The inherent uncertainty, the incredible subjectivity, the dangerous selectivity and the sheer incompleteness of the survey means a risk analysis questionnaire is, at best, a waste of time. 

Take question 15, for example. It says:

“This table shows the highest one year gain and highest one-year loss on five hypothetical investment portfolios of $100,000. Which one do you prefer?”

The table looks like this:

Investment portfolio

A

B

C

D

E

Highest gain

$11,000

$15,000

$20,000

$26,000

$31,000

Highest loss

-$2,000

-$4,000

$8,000

-$12,000

$15,000

If you choose option E you get 5 points. You are obviously an aggressive investor.

This is really dumb. As it stands, no one, client or financial planner, can answer this question sensibly. No information is provided about:

  • the amount to be invested 
  • the probability of the highest gain and the highest loss
  • what happens in year 2, 5, 10 and 20?
  • what other investments are expected to earn in the same period?

Obviously a rational investor’s answer depends on whether they are investing a relatively large amount, or a relatively small amount, and their assessment of the probability of each possible outcome. Most clients, rich or poor, old or young, smart or stupid, will opt for portfolio E if the amount to be invested is relatively low, say $20,000, and the probability of the highest gain is high, say 95%. Doing so maximises your expected investment gain. Conversely, most clients, rich or poor, old or young, smart or stupid, will opt for portfolio A if the amount to be invested is relatively high, say $100,000, and the probability of the highest gain is low, say 5%, if they were to invest at all. Doing so minimises your expected investment loss.
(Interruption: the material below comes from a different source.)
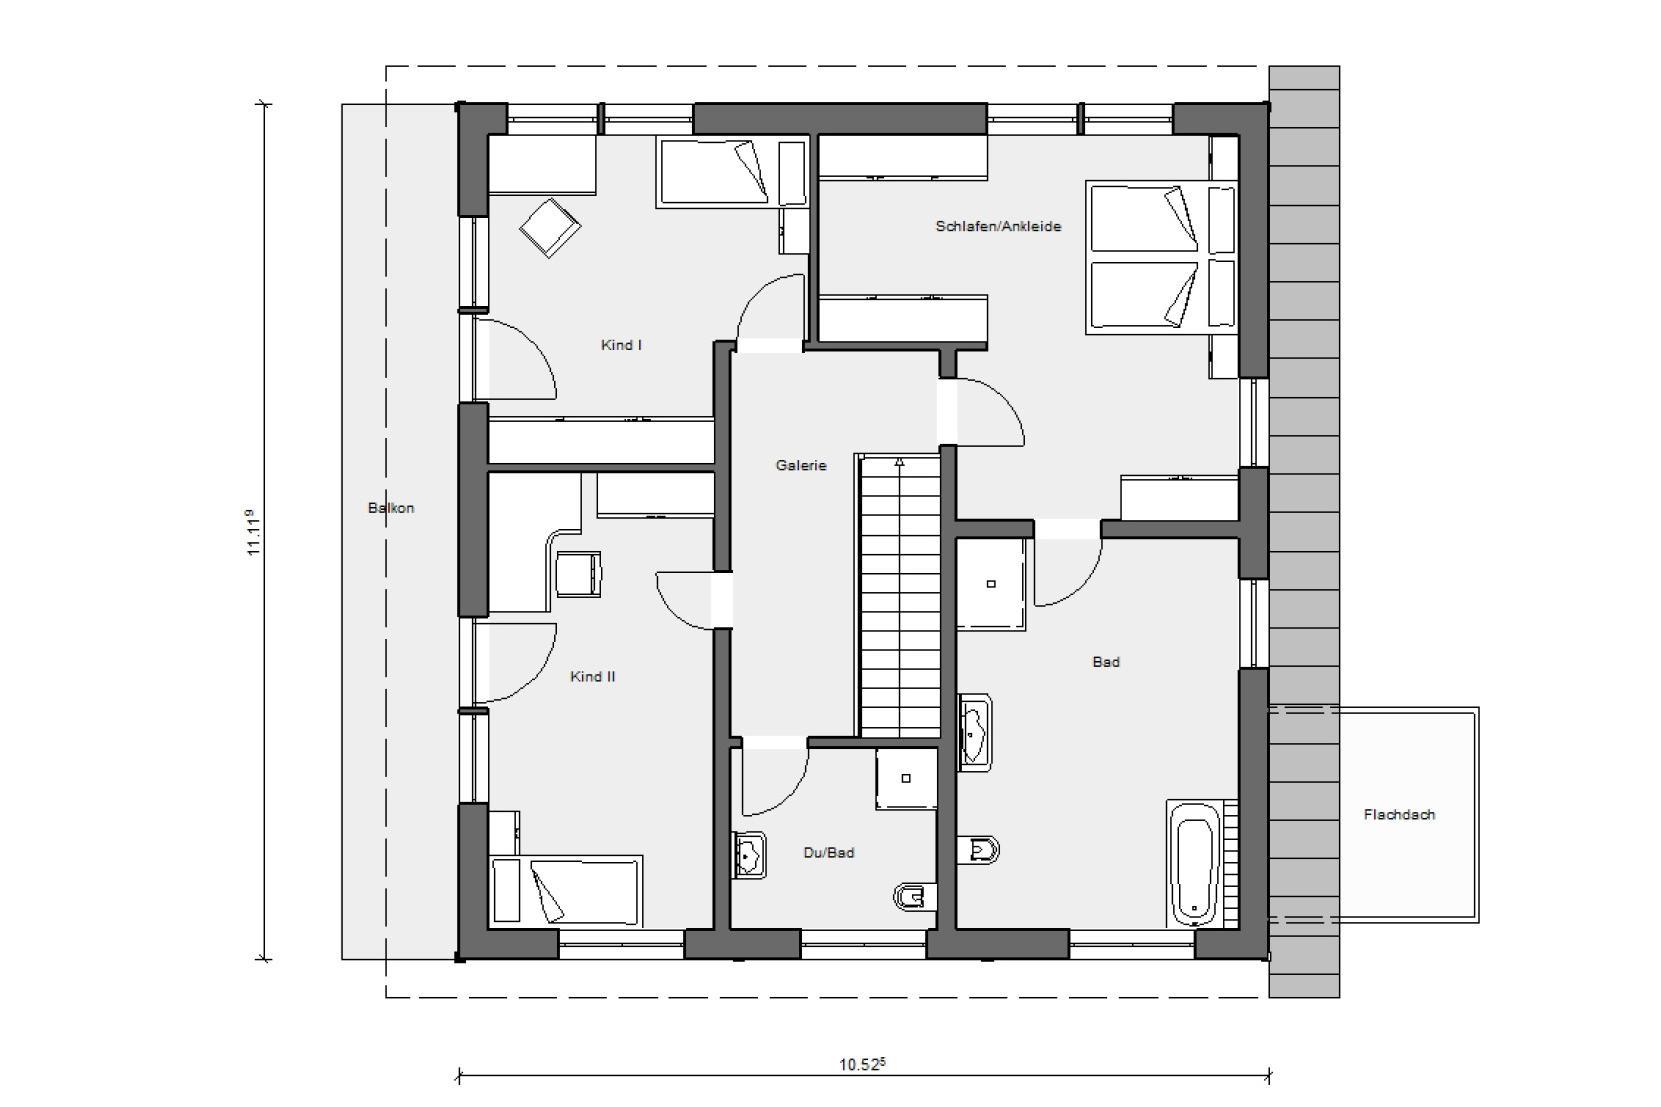 Maison individuelle avec toit une pente schw rerhaus - Maison avec toit une pente ...

Why does the question focus on a one-year time frame? What if the second and third year results are expected to be much better? What if the twenty year results are expected to be even better again? This is a terrible short-termism. What client has a time frame of only one year? 

Why does the question ignore what other investments are expected to earn in the same period? What investment occurs in isolation? What if this is the worst performing investment available?

One could go on, absolutely destroying this question. And its just one of 15 questions, some of which have nothing to do with finance and are to do with physical risk taking, as if this was a relevant thought. 

Client’s handwriting?

Financial planners often complete the questionnaire for the client. Now things are getting really dumb. Obviously if things go wrong the client can say “you did not fill out the questionnaire correctly and you got my risk profile all wrong. That’s not what I said…”.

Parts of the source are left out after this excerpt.